Calm down, it’s Arkansas. What did you expect? Just something else for them to stockpile along with their closet full of incandescent bulbs and 55 gallon barrel of bleach.
No, which is why I will continue to vote for people who like medical realities. 2/3rds of the voting age population is fine with insane asylum rejects running their country/state/county.
Maybe you should ask them if they’re OK with children being victims of medical malpractice made mainstream, instead of the people who are outnumbered 2 to 1.
This statement is extremely ironic given your username.
I was replying to an argument that the drug isn’t very harmful by showing a study that documents multiple instances of neurological damage caused by misuse (which is an even greater risk when not used under a doctor’s supervision), and it has even resulted in coma and death.
So you should read my “nothing big” comment in that light, and again remember your username.
(And this shit certainly isn’t water, unless you’re comparing it to potentially contaminated water.)
Former horse owner here: No, tack and feed stores carry the stuff in syringes for squirting into the animal’s mouth, whether they liked it or not [narrator: they don’t] and normally there’d be no problem getting it, or any other anthelmintic, but during COVID stores I shopped at put up signs on the shelves limiting the amount you could buy, and ivermectin was often in short supply.
Because that’s inaccurate, heavily implying it’s only used for horses.
If it’s done tongue-in-cheek, like calling a salad “rabbit food”, that’s one thing.
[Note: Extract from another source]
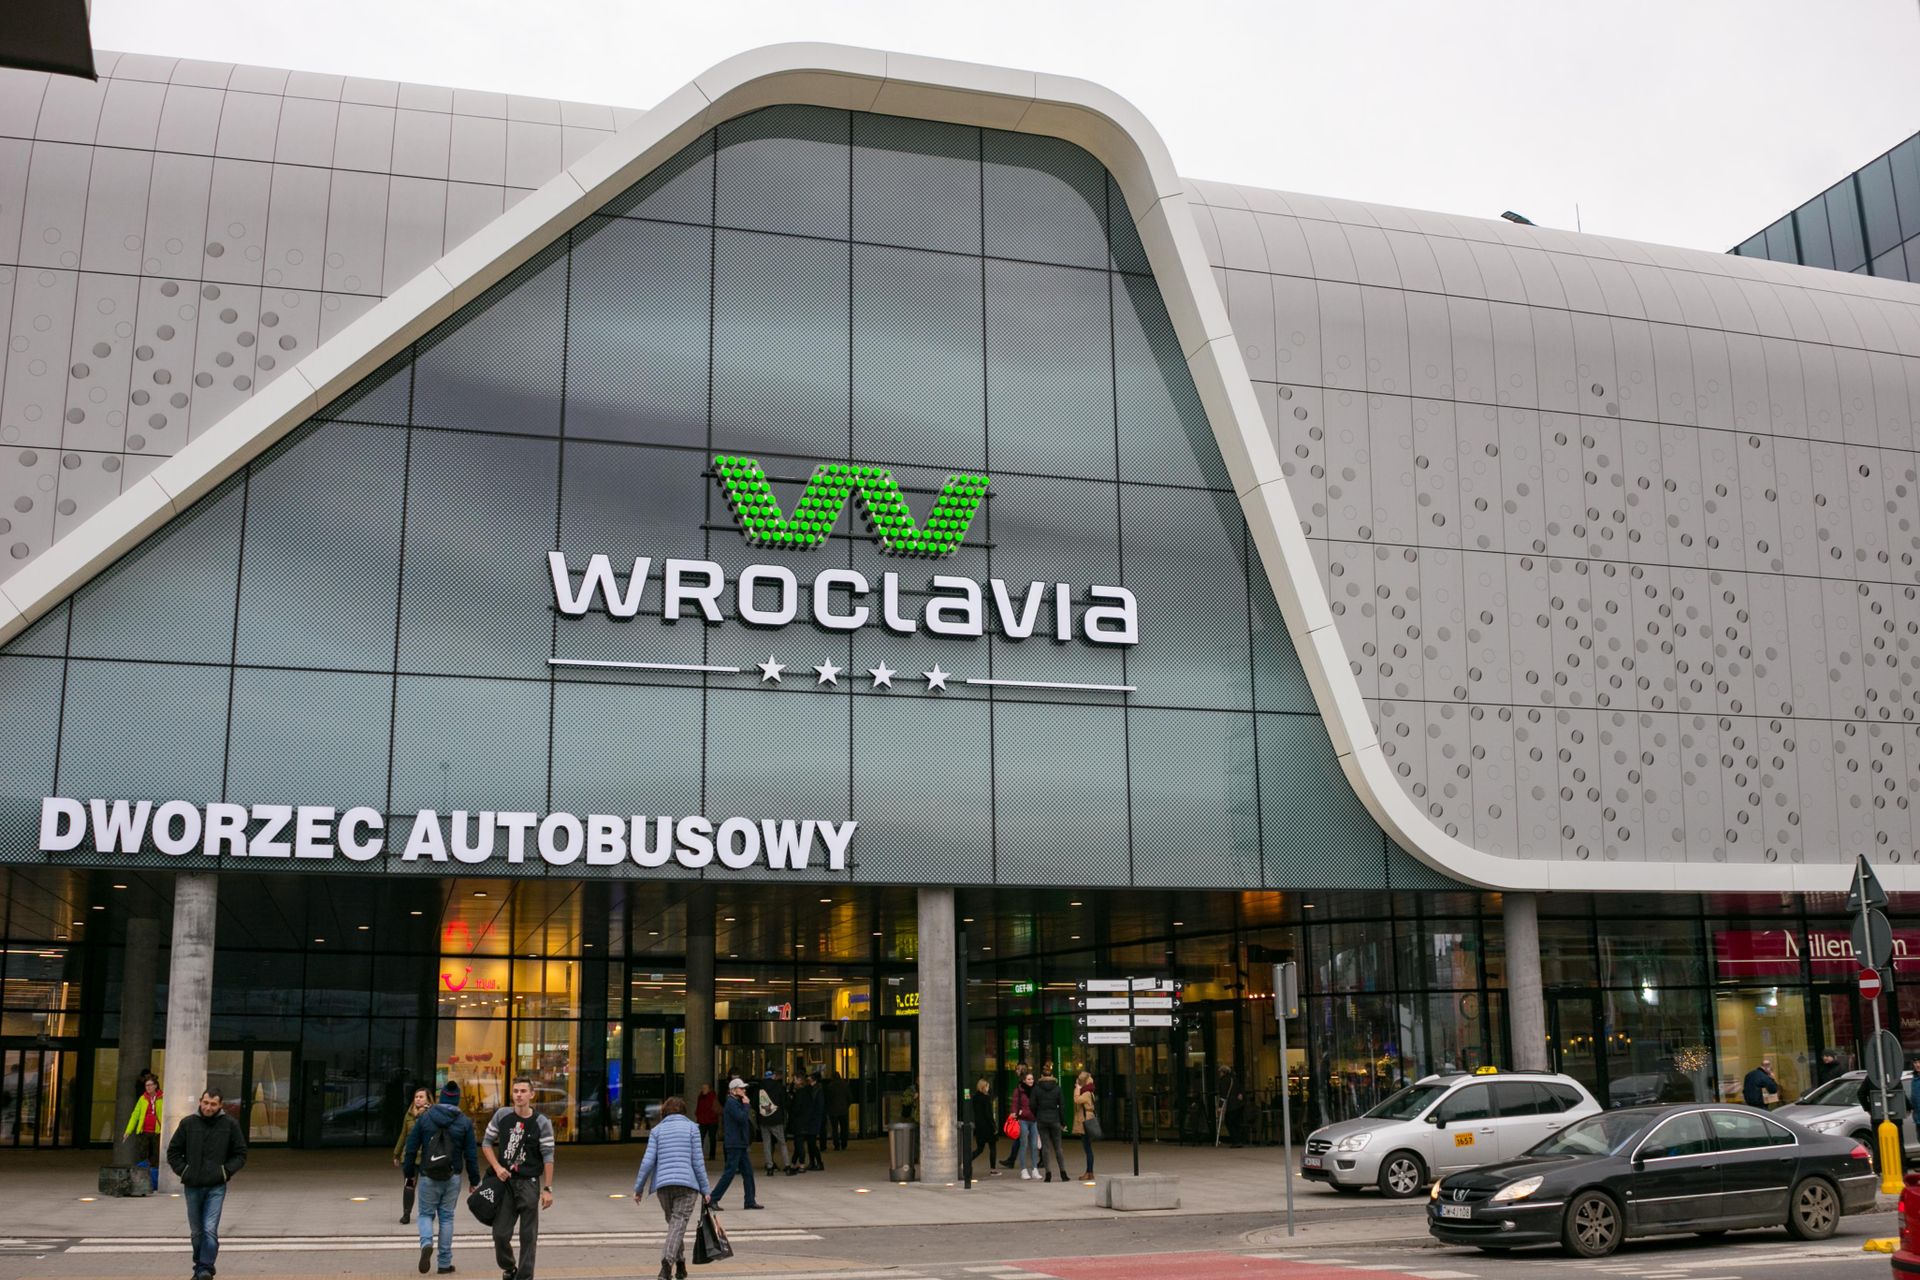  Przedstawiciele Wroclavii nie potwierdzają otwarcia w każdą niedzielę

But a lot of people were spreading misinformation during the pandemic, and mischaracterizing ivermectin was part of it.
No, I’m saying that’s not the only source or usage of it.
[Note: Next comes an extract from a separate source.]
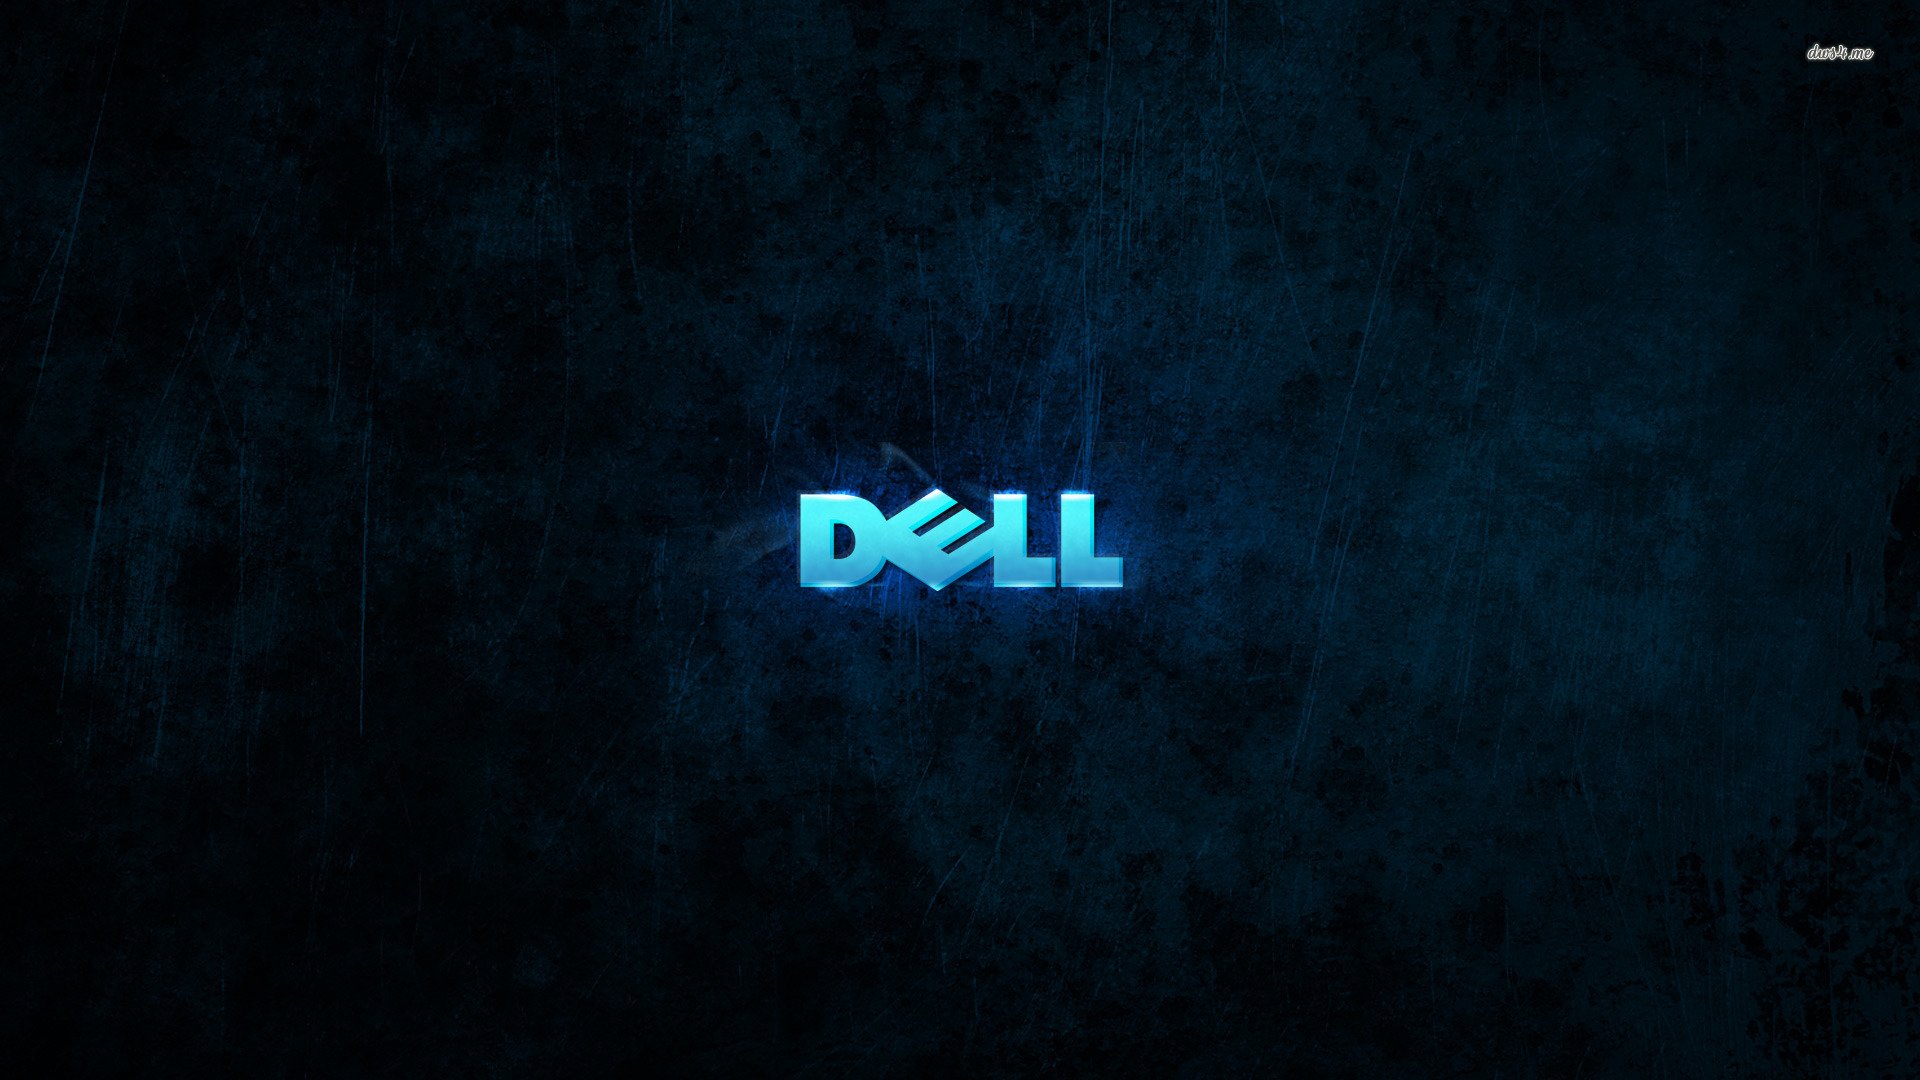 Great Dell Wallpaper 4K

Too many times it was reductively and mockingly called “horse dewormer” during the pandemic, to imply that it was insane for a human to ever take it. So the criticism of that terminology was completely worth it, and your snark about that criticism is totally unwarranted and ignorant.
No, it was called that because that’s what it was. Humans were taking medicine for themselves that was literally intended for horse deworming. That same medicine is also available in a formulation for human use, but humans were still taking the horse formulation. Even if the active ingredient is the same, it’s stupid to take a medicine that’s formulated for one species, and administer it to a different species.
Yeah, shelves at animal supply stores were regularly empty during the pandemic. People were and still are literally buying horse de-wormer to use themselves. It is not reductive, though it IS mocking (rightly so), when it is the literal truth of the situation.
And before that, there was HCQ. Because it was getting touted as a COVID “cure”, one couple ingested chemicals intended to clean their fish tank. And they’re not the only ones to have poisoned themselves trying homebrew “remedies” based on things they heard from irresponsible officials.